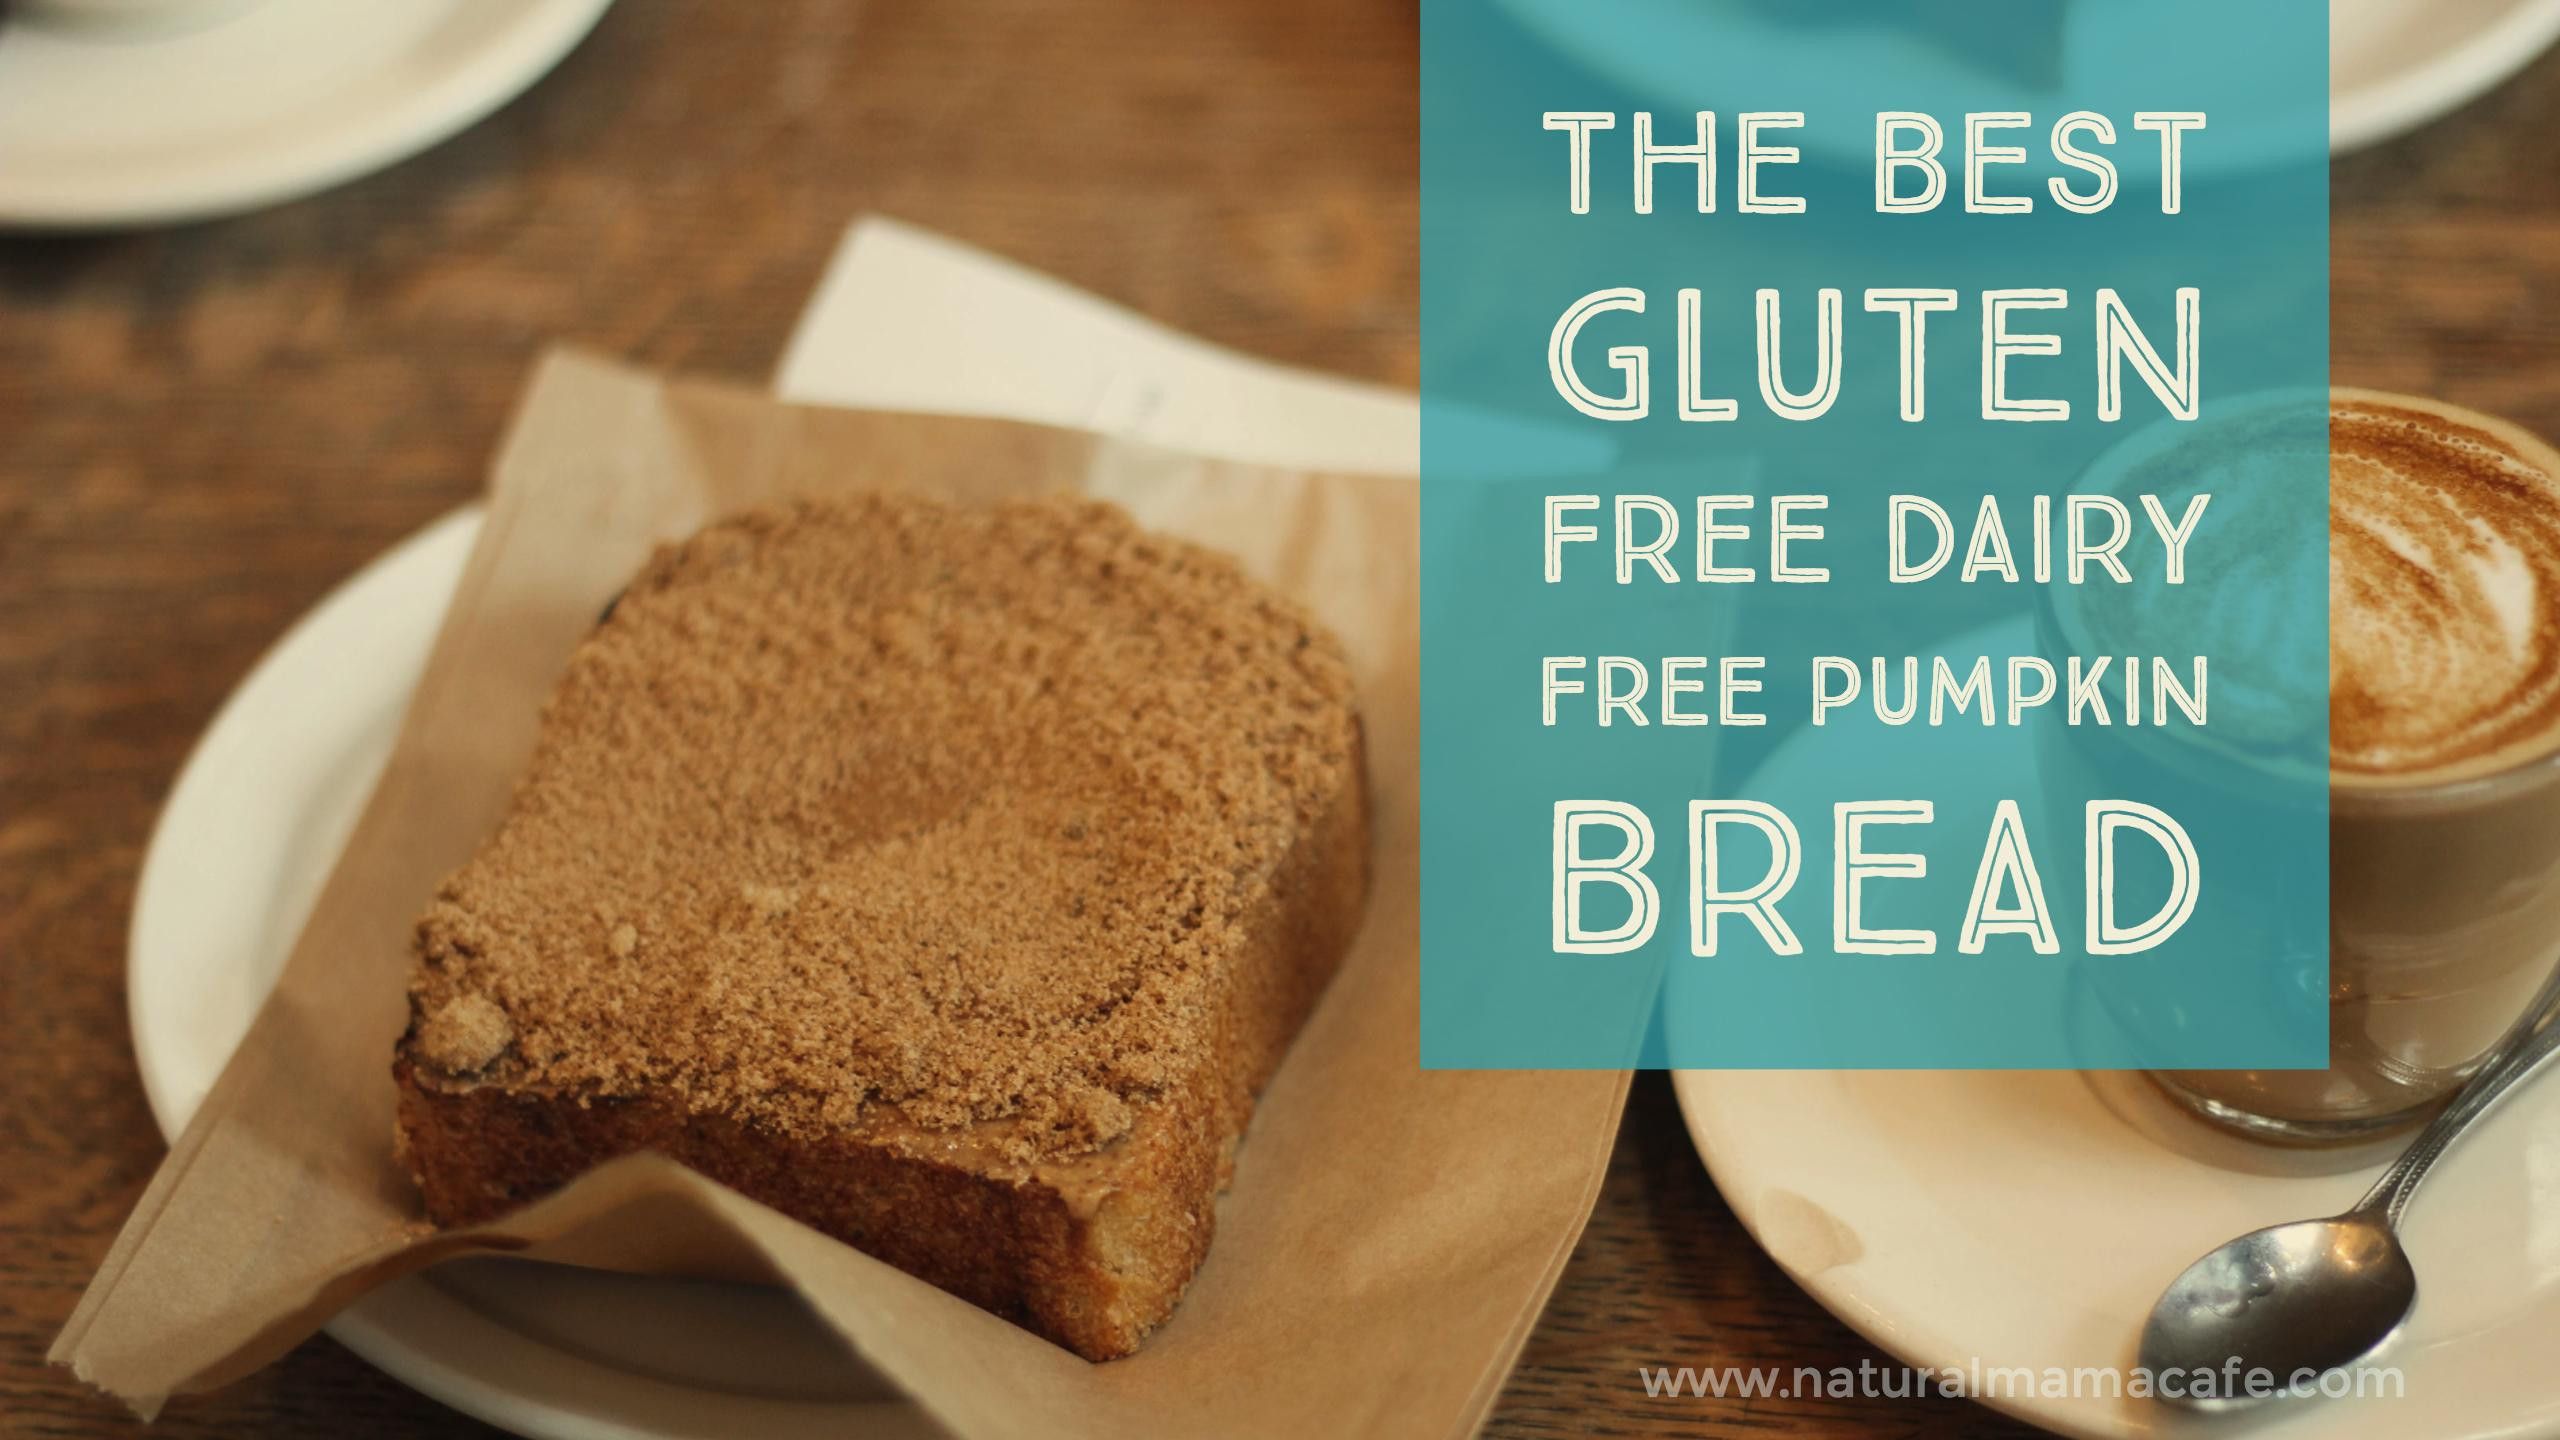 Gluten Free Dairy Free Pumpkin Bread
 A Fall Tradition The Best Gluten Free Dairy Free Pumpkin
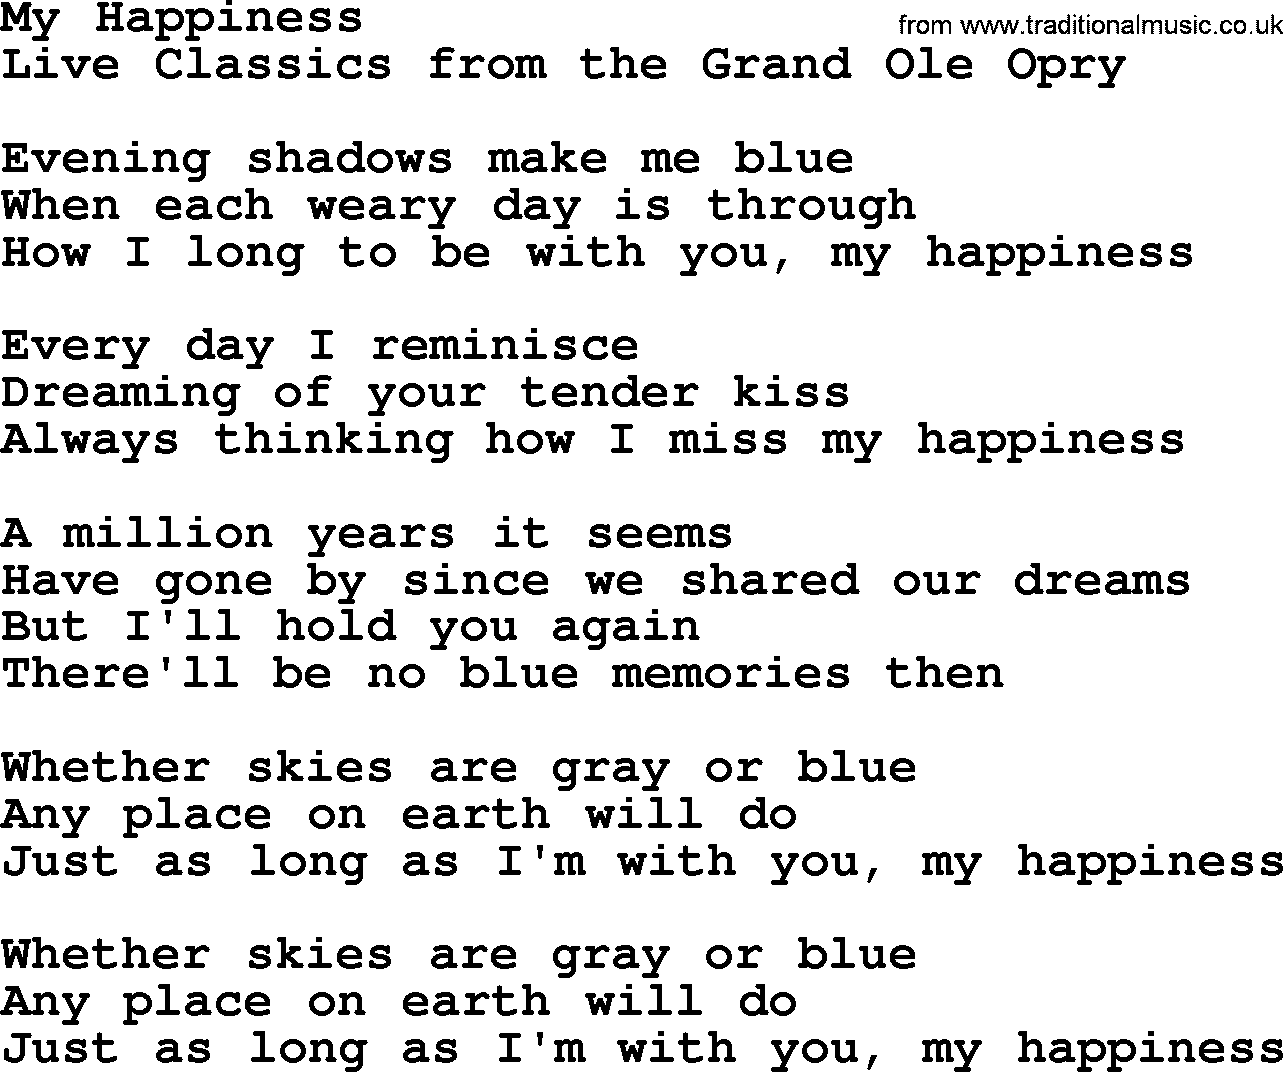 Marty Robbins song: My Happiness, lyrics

+---+

### Task description
Your copy should hold only the lines running from the one that contains "A Fall Tradition" through the final line of the data; transcribe them exactly, both ends included, and leave pictures out.

### Written solution
 A Fall Tradition The Best Gluten Free Dairy Free Pumpkin
 Marty Robbins song: My Happiness, lyrics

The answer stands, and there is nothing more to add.